Please fill out the fields below so we can help you better. Note: you must provide your domain name to get help. Domain names for issued certificates are all made public in Certificate Transparency logs (e.g. https://crt.sh/?q=example.com), so withholding your domain name here does not increase secrecy, but only makes it harder for us to provide help.
My domain is: Private Subdomain (internal.company.com)
I ran this command: wacs.exe --renew --baseuri “https://acme-v02.api.letsencrypt.org/”
It produced this output:
[INFO] A simple Windows ACMEv2 client (WACS)
[INFO] Software version 188.8.131.524 (RELEASE)
[INFO] IIS version 10.0
[INFO] Scheduled task looks healthy
[INFO] Please report issues at https://github.com/PKISharp/win-acme
[INFO] Renewing certificate for [IISBinding] internal.company.com
[INFO] Authorize identifier: internal.company.com
[INFO] Authorizing internal.company.com using http-01 validation (SelfHosting)

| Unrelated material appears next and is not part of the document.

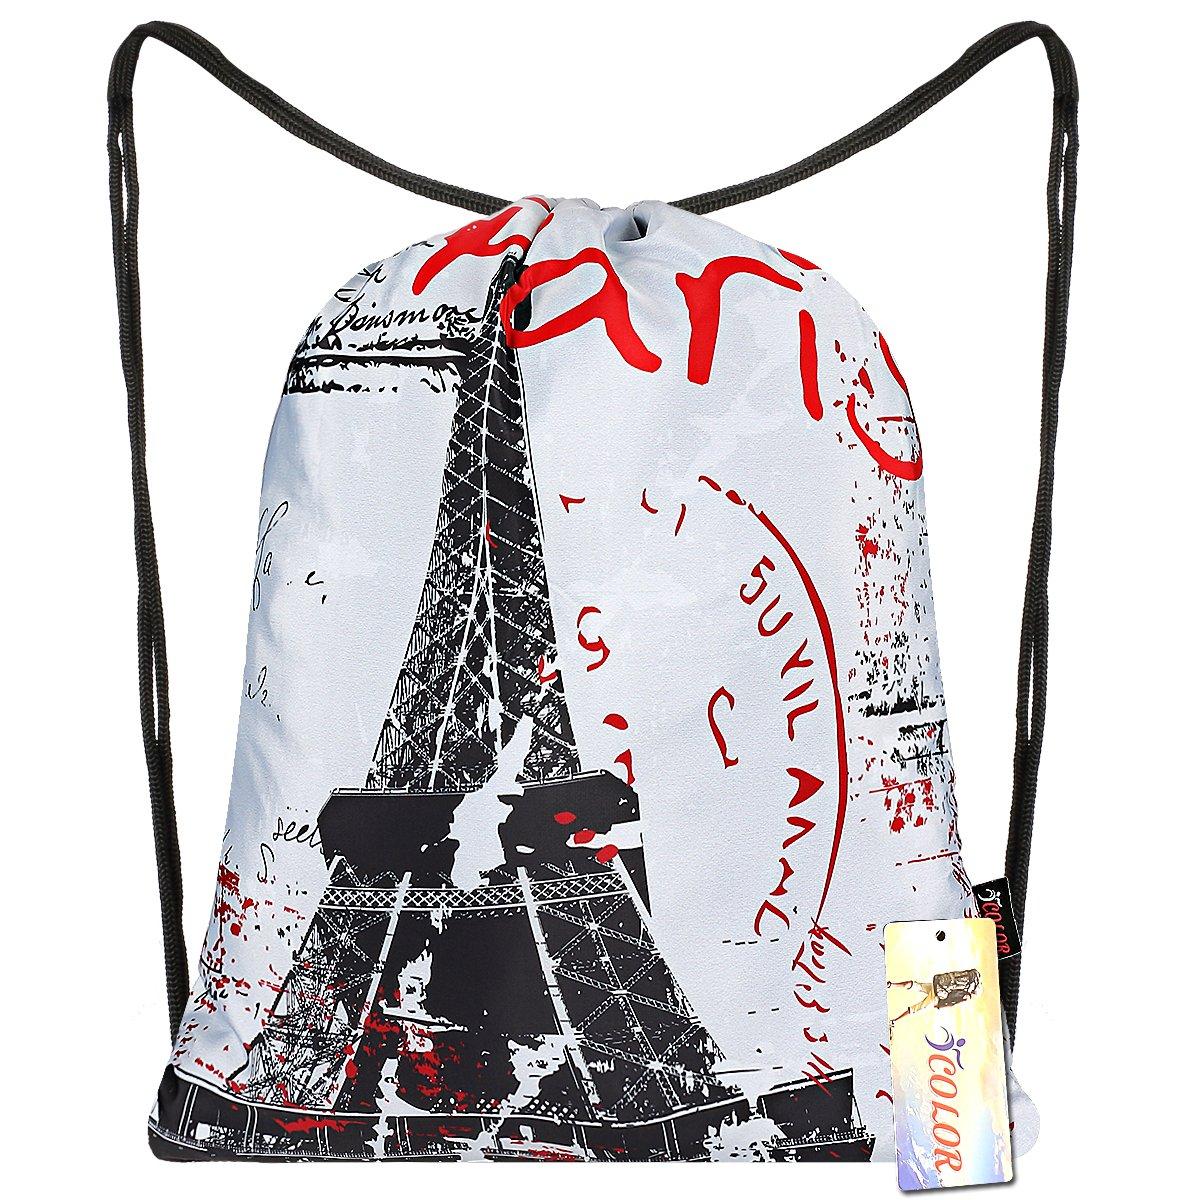 iColor Sackpack,Drawstring Backpacks,Stylish Multipurpose Girls Nylon Drawstring Bags Gym Bags,Teen Dance Bag, Lightweight Gym Bag for Women Cycling Hiking,Team Training Gymsack (Paris)

“detail”: “No valid IP addresses found for internal.company.com”,
[EROR] Authorization result: invalid
[EROR] Renewal for [IISBinding] internal.company.com failed, will retry on next run
My web server is (include version): IIS 10
The operating system my web server runs on is (include version): Windows Server 2016
My hosting provider, if applicable, is: NA
I can login to a root shell on my machine (yes or no, or I don’t know): Yes
I’m using a control panel to manage my site (no, or provide the name and version of the control panel): NA
The version of my client is (e.g. output of
certbot --version or
certbot-auto --version if you’re using Certbot): win-acme.v184.108.40.2064
So I am unable to auto renew using win-acme for a private subdomain certificate leveraging ACME DNS. I know it doesn’t have an external IP address as it is not supposed to be publicly available. Everything works when I create the certificate and use DNS challenge leveraging ACME DNS. This issue becomes when the scheduled task runs to auto renew and it seems to be using the http-01 validation method instead of dns-01.
Is there a way to write the command to enforce dns-01 validation instead of http-01? Is there something I’m missing or is this not even possible to auto renew a certificate leveraging Windows ACMEv2 client and ACME DNS without publishing an external IP address?
Any insight or help is very much appreciated.